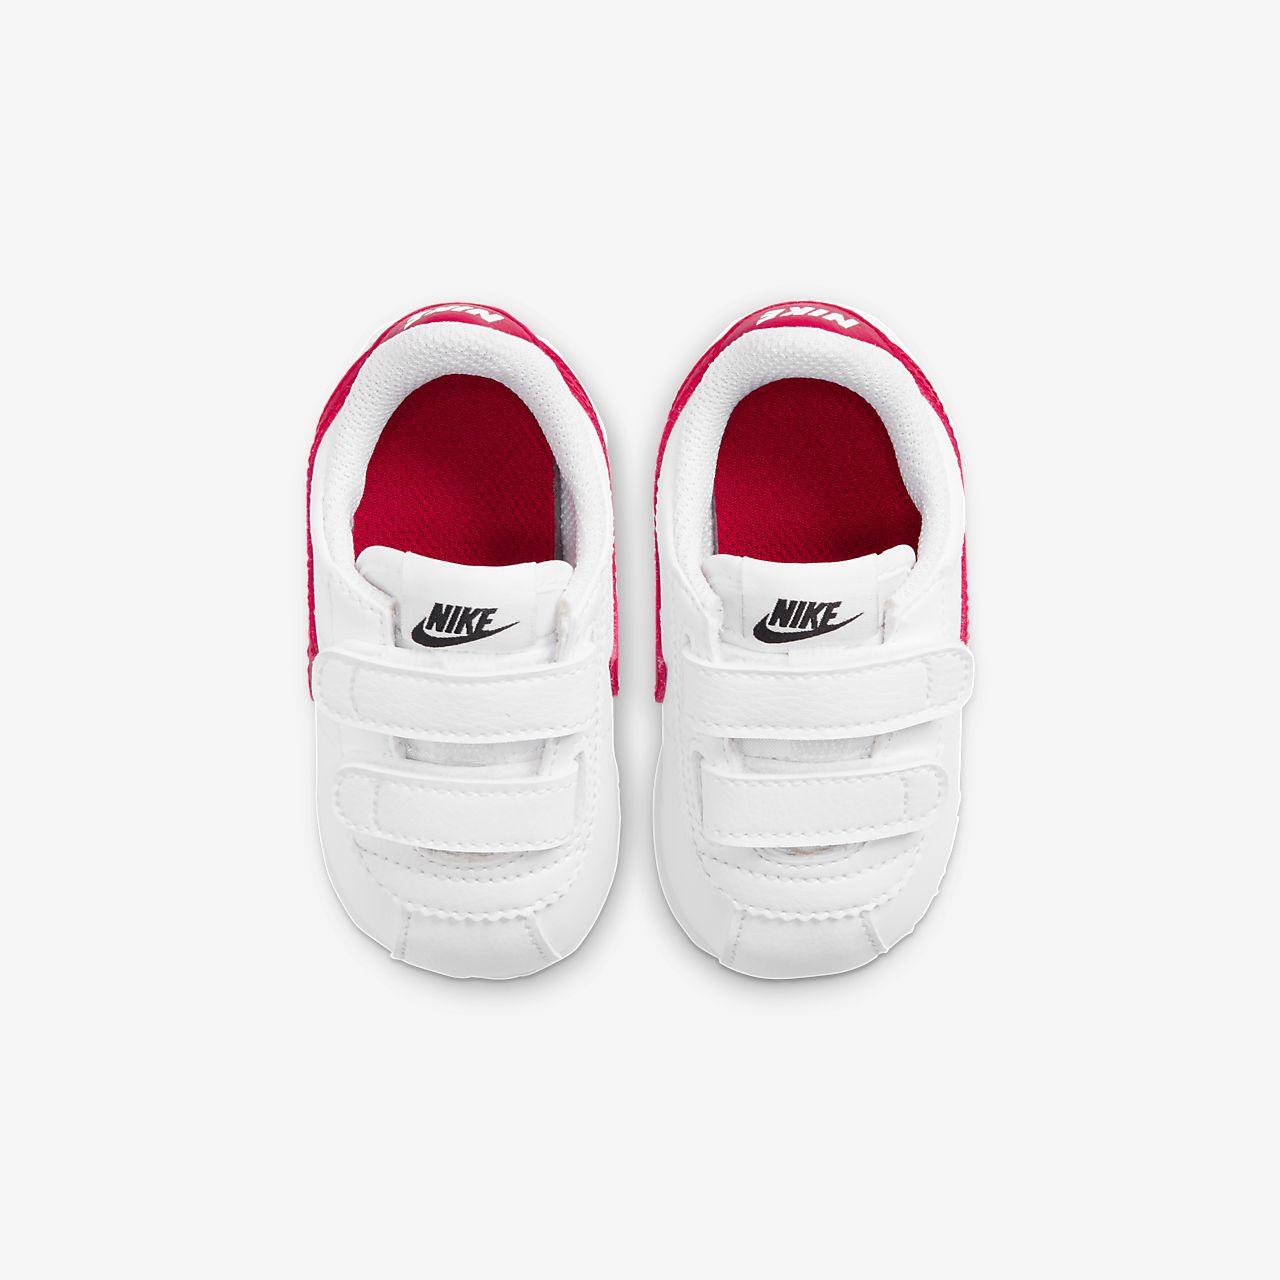 scarpe nike x neonati
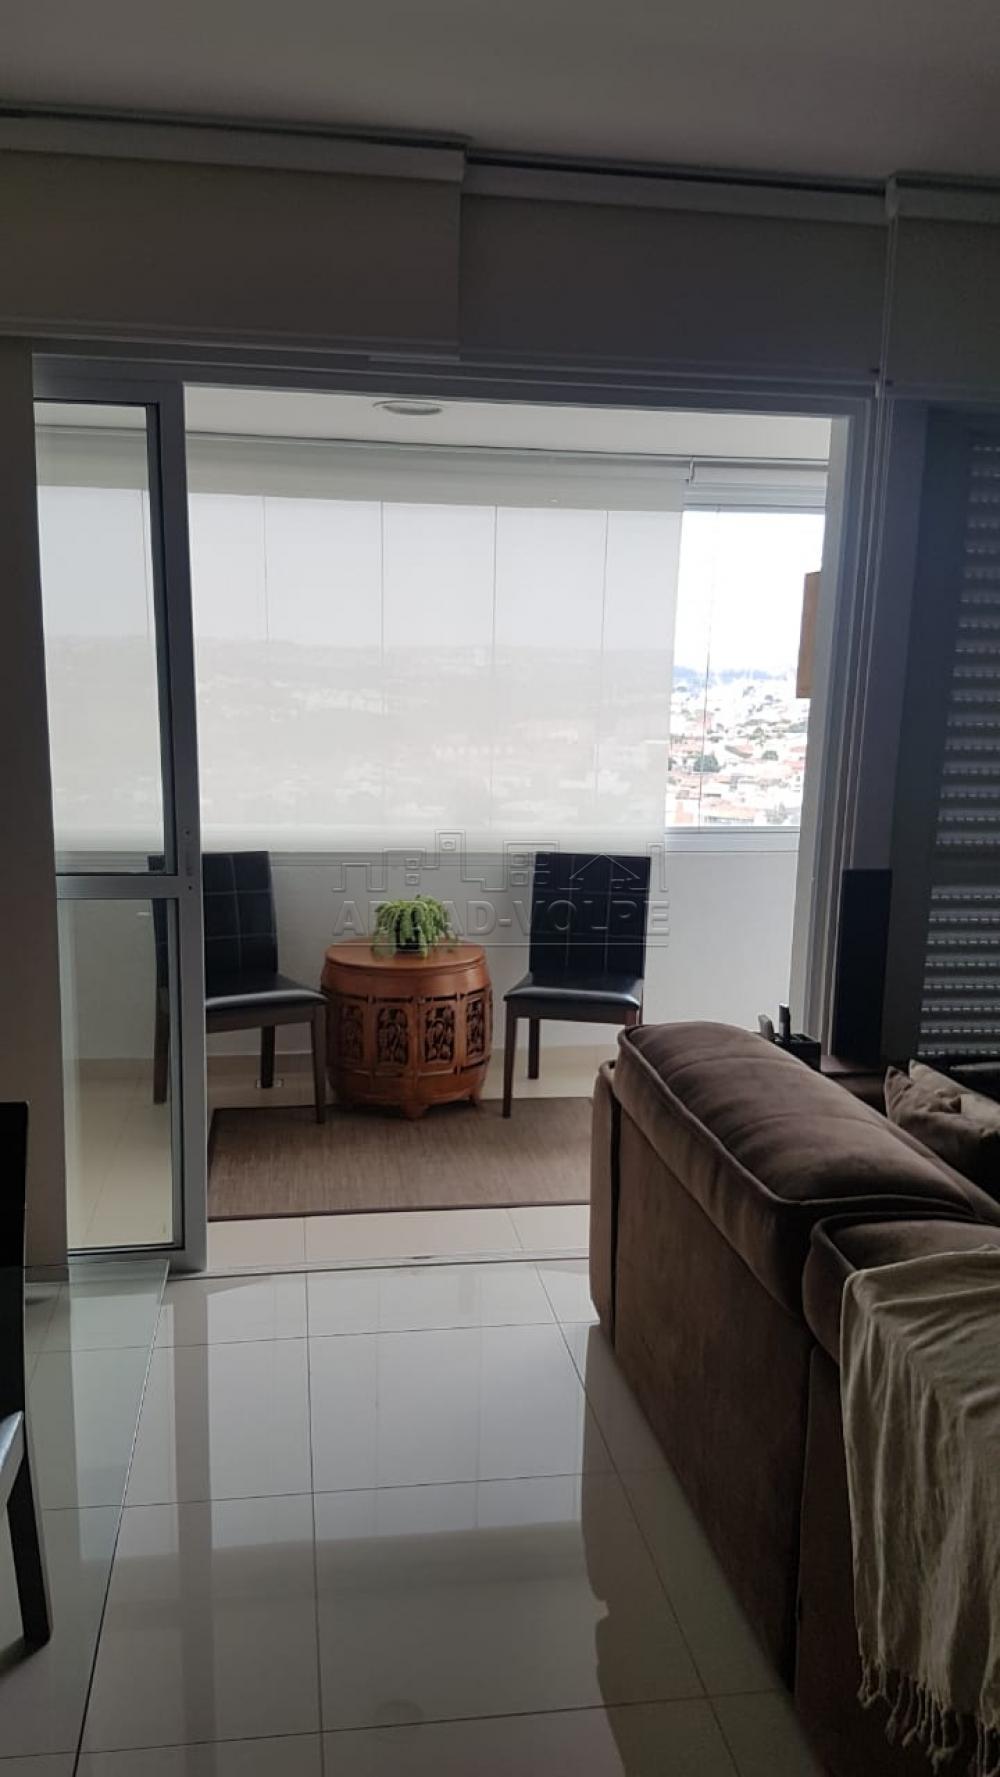 Comprar Apartamento / Padrão em Bauru apenas R$ 520.000,00 - Foto 12
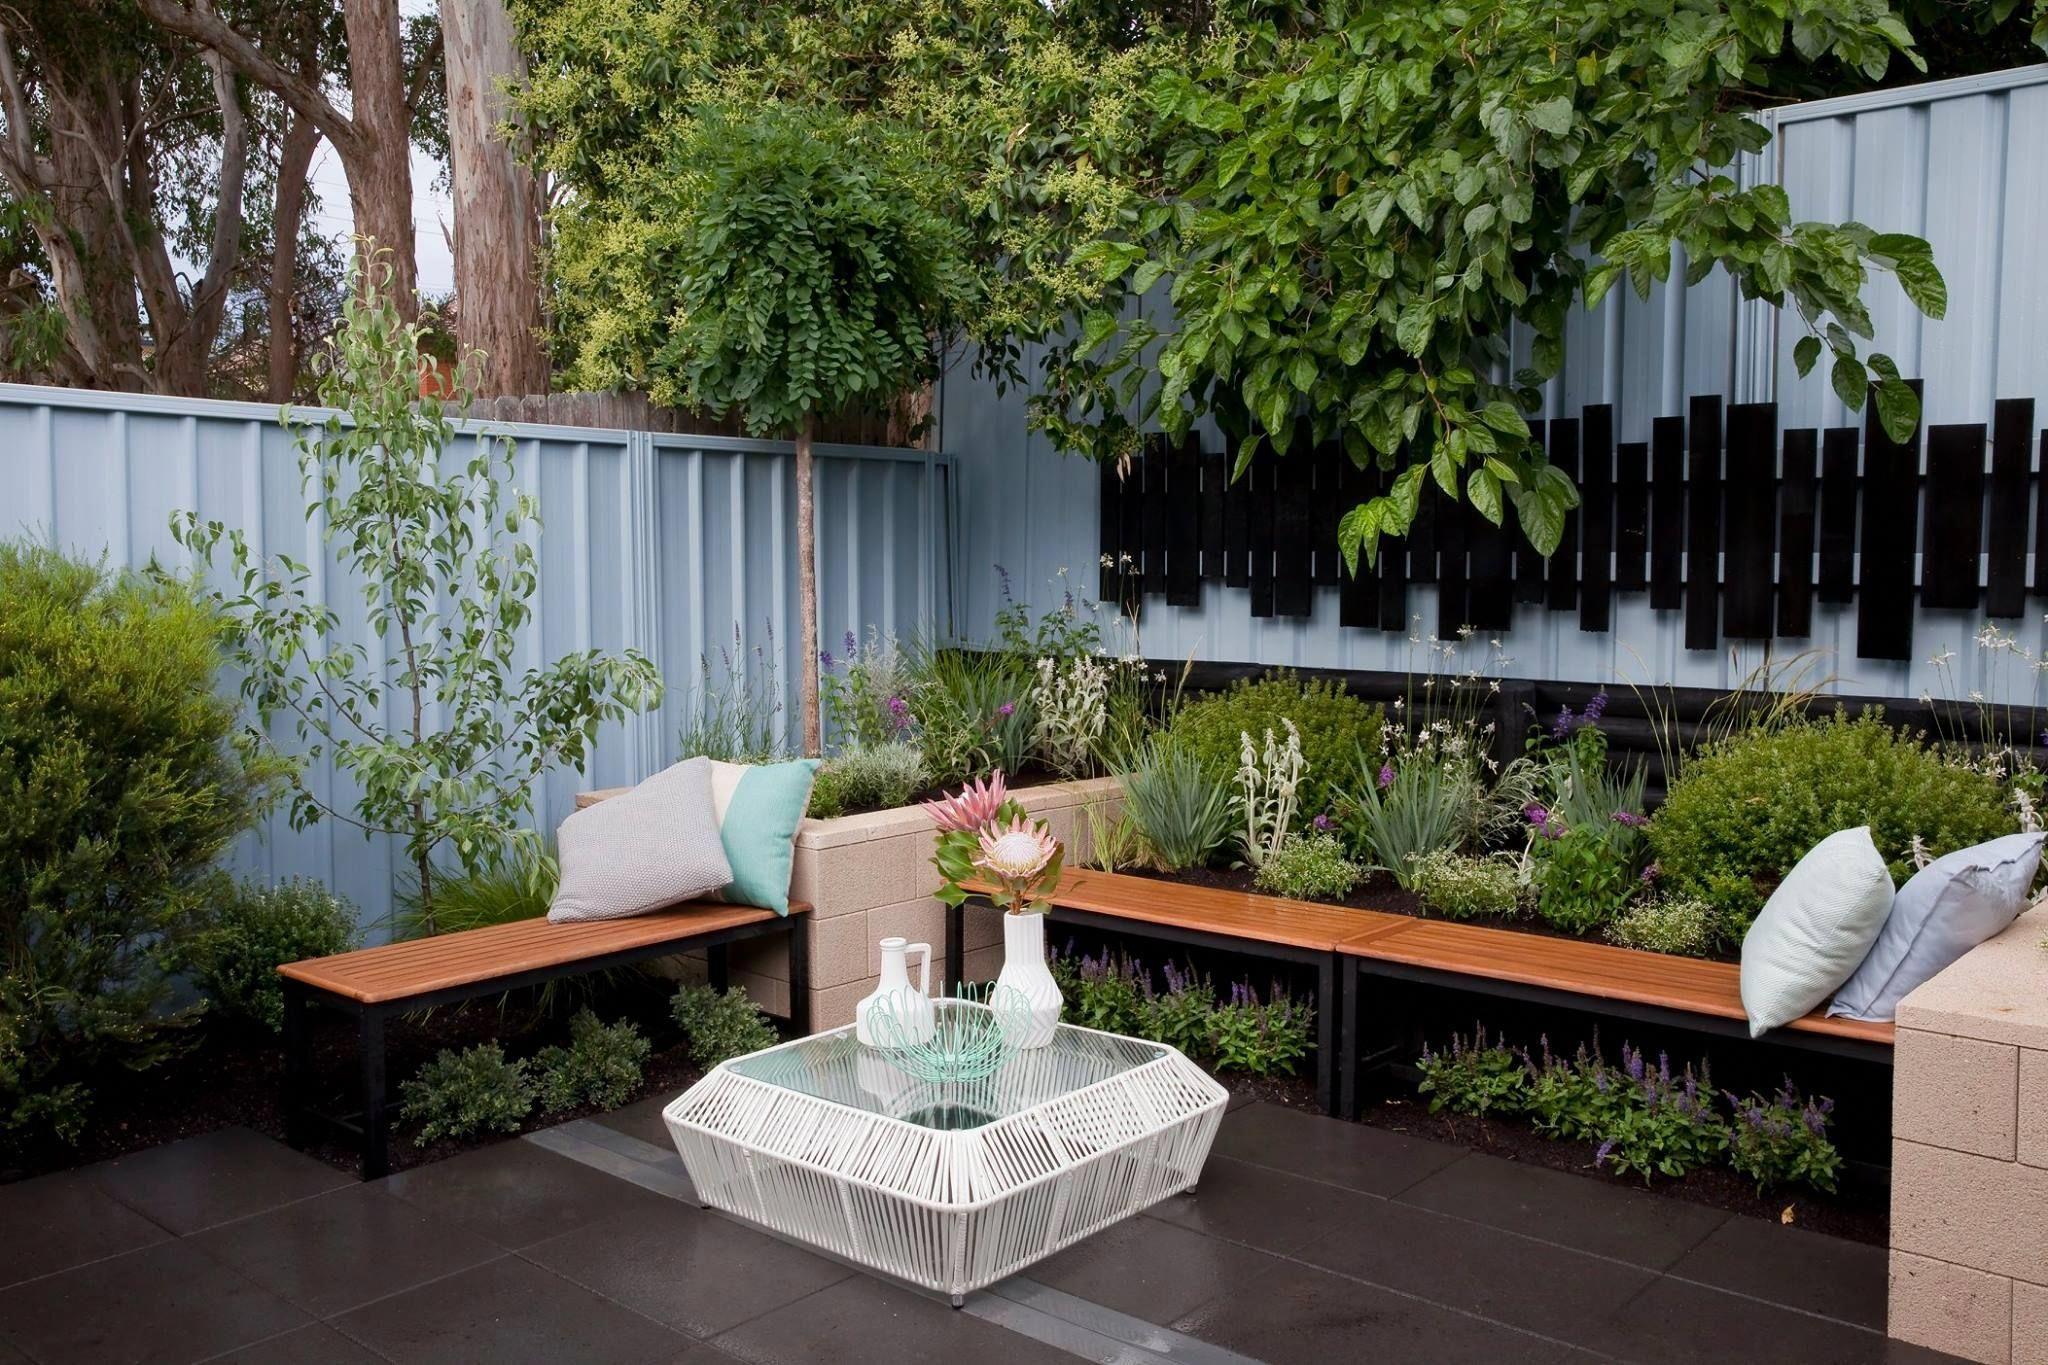 ec8156ec6204e88051735a6b77edd65e - Submit Photos To Better Homes And Gardens

_INSTRUCTIONS FOR THE TASK_
Reproduce the data above exactly, leaving out any picture in it.

_SOLUTION FOR THIS PROBLEM_
 scarpe nike x neonati
 Comprar Apartamento / Padrão em Bauru apenas R$ 520.000,00 - Foto 12
 ec8156ec6204e88051735a6b77edd65e - Submit Photos To Better Homes And Gardens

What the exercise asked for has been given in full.